- Born: Kimia Moradzadeh 9 April 1992 (age 34) Vaasa, Finland
- Years active: 2014–present
- Known for: Helsinki Fashion Week
- Website: evelynmora.com

= Evelyn Mora =

Finnish entrepreneur (born 1992)

Evelyn Mora (born Kimia Moradzadeh; 9 April 1992) is a Finnish entrepreneur known for her work in sustainable fashion.

== Early life ==
Mora was born in Vaasa, Finland, and raised in Helsinki. She is French-Finnish and of Iranian descent on her mother's side.

== Career ==
Mora worked as a fashion photographer in Paris and London before returning to Finland. She founded the modelling agency Studio Eneas in 2014. The company was renamed Evelyn Mora Corporation in 2016.

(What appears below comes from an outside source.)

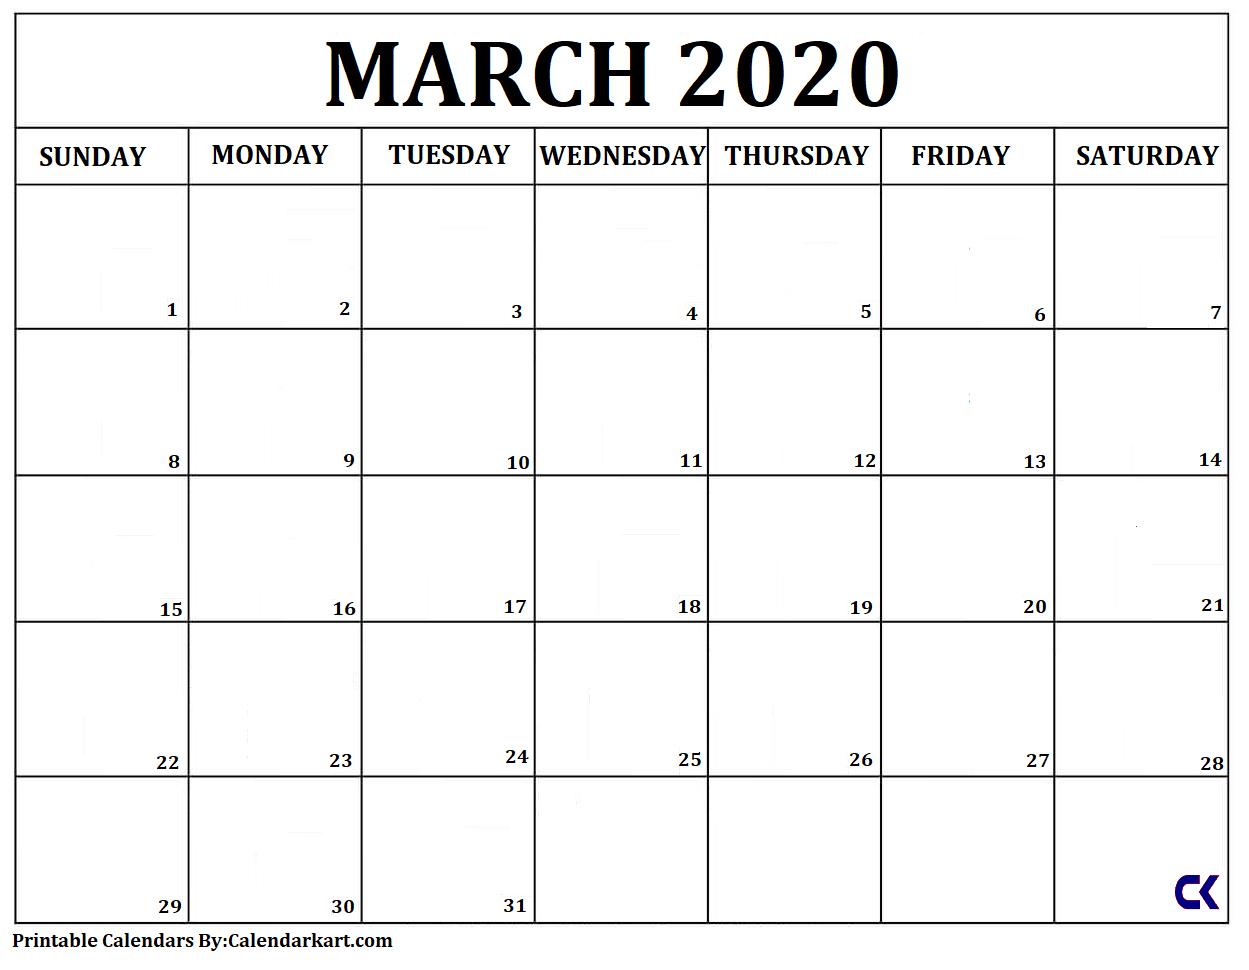 Free Printable Calendar Templates 2020 » Calendarkart Free Printable Calendar Large Blocks
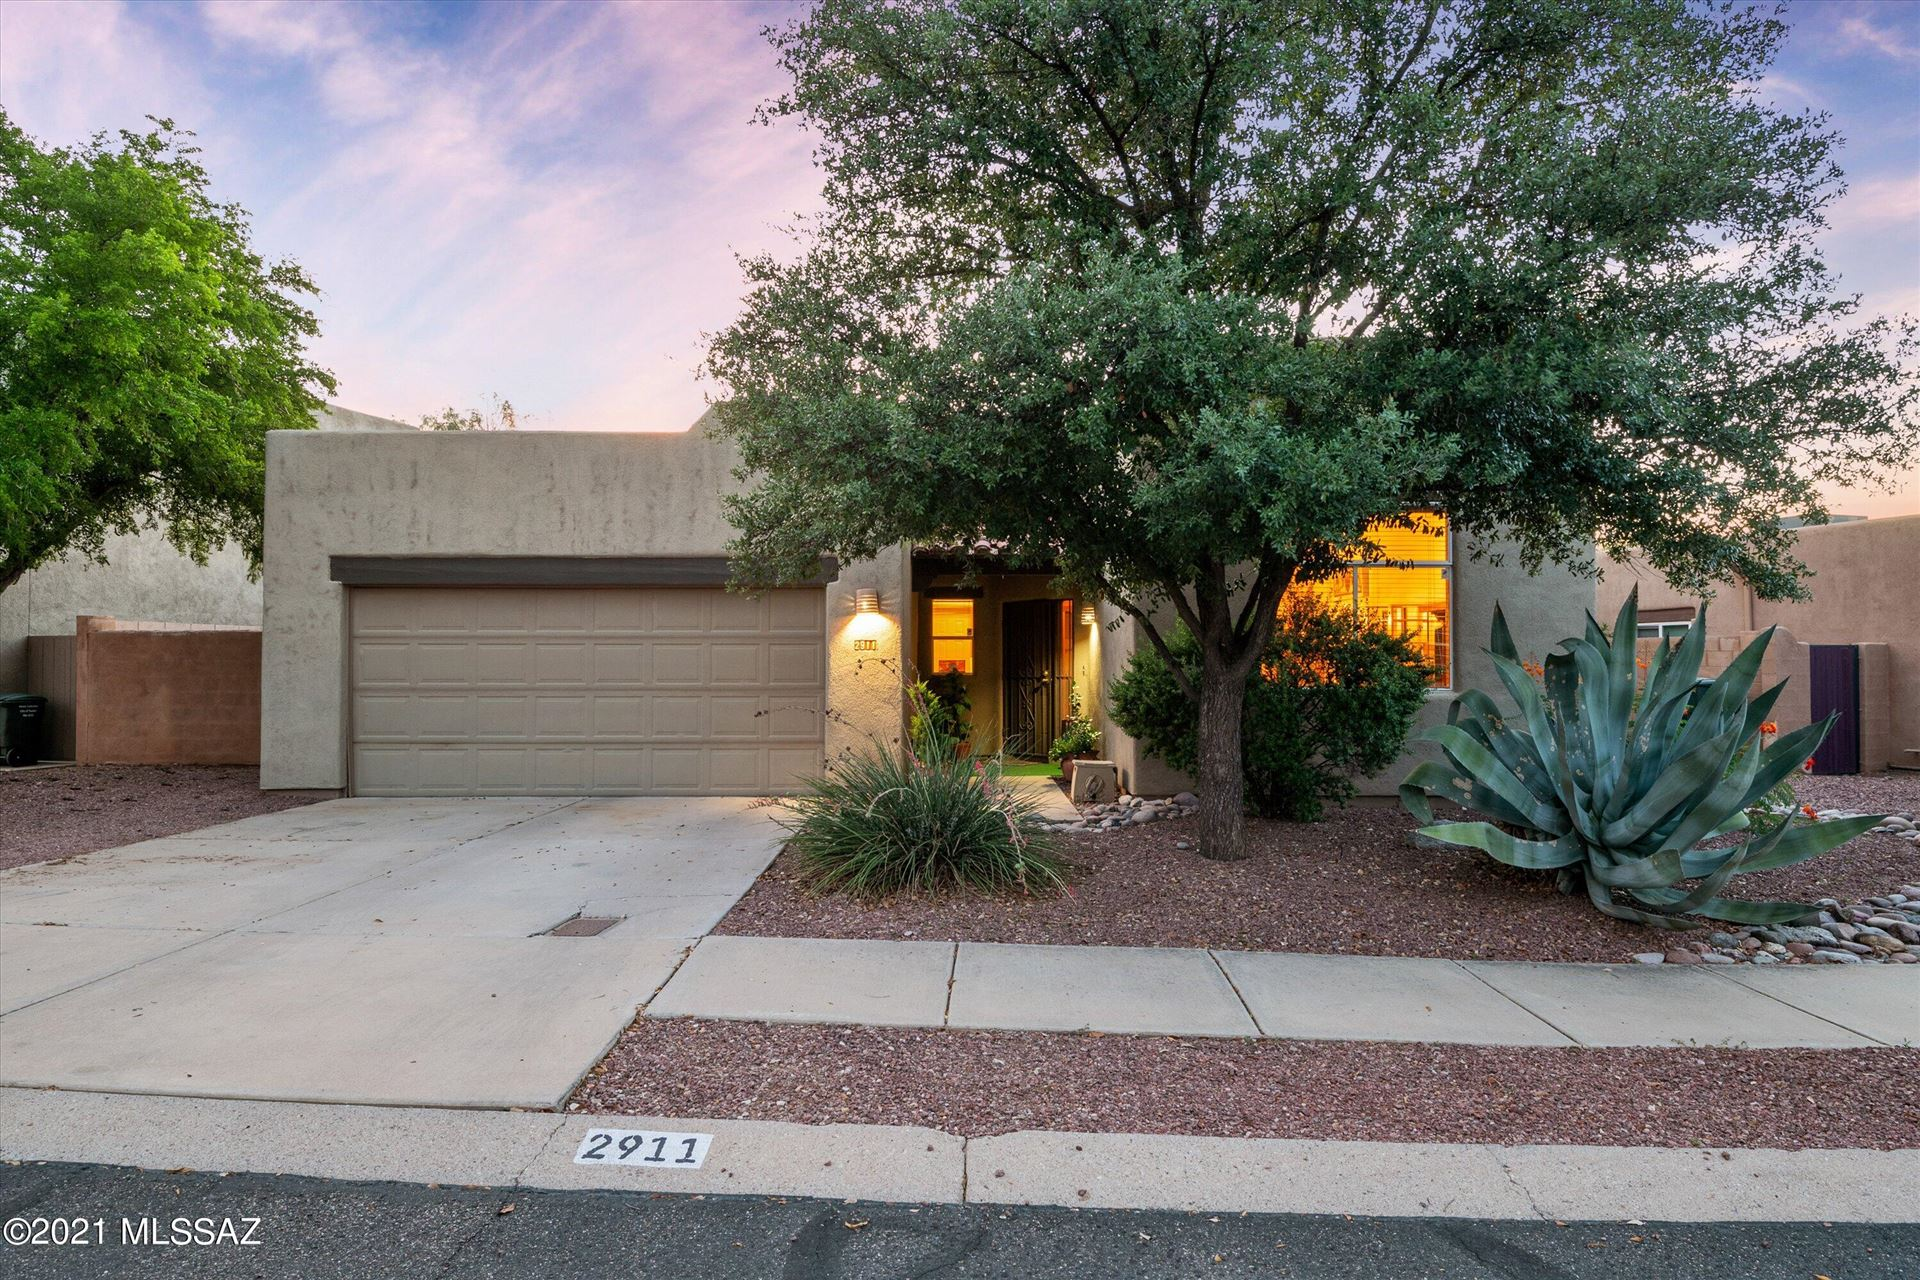 2911 E Avenida Portico, Tucson, AZ 85716 - MLS#: 22121042

In 2015, Mora acquired the trademarks for Helsinki Fashion Week and re-launched the event. It has since focused on a sustainable approach to the fashion industry. In 2019, Mora announced that Helsinki Fashion Week would no longer use leather in its collections.

Mora served as a Board member for the Nordic Fashion Week Association, which supported Helsinki Fashion Week. In 2021, Nordic Fashion Week filed for bankruptcy.

Mora founded Digital Village, a metaverse space and marketplace. In 2022, the company received $600,000 in funding from British Fashion Council.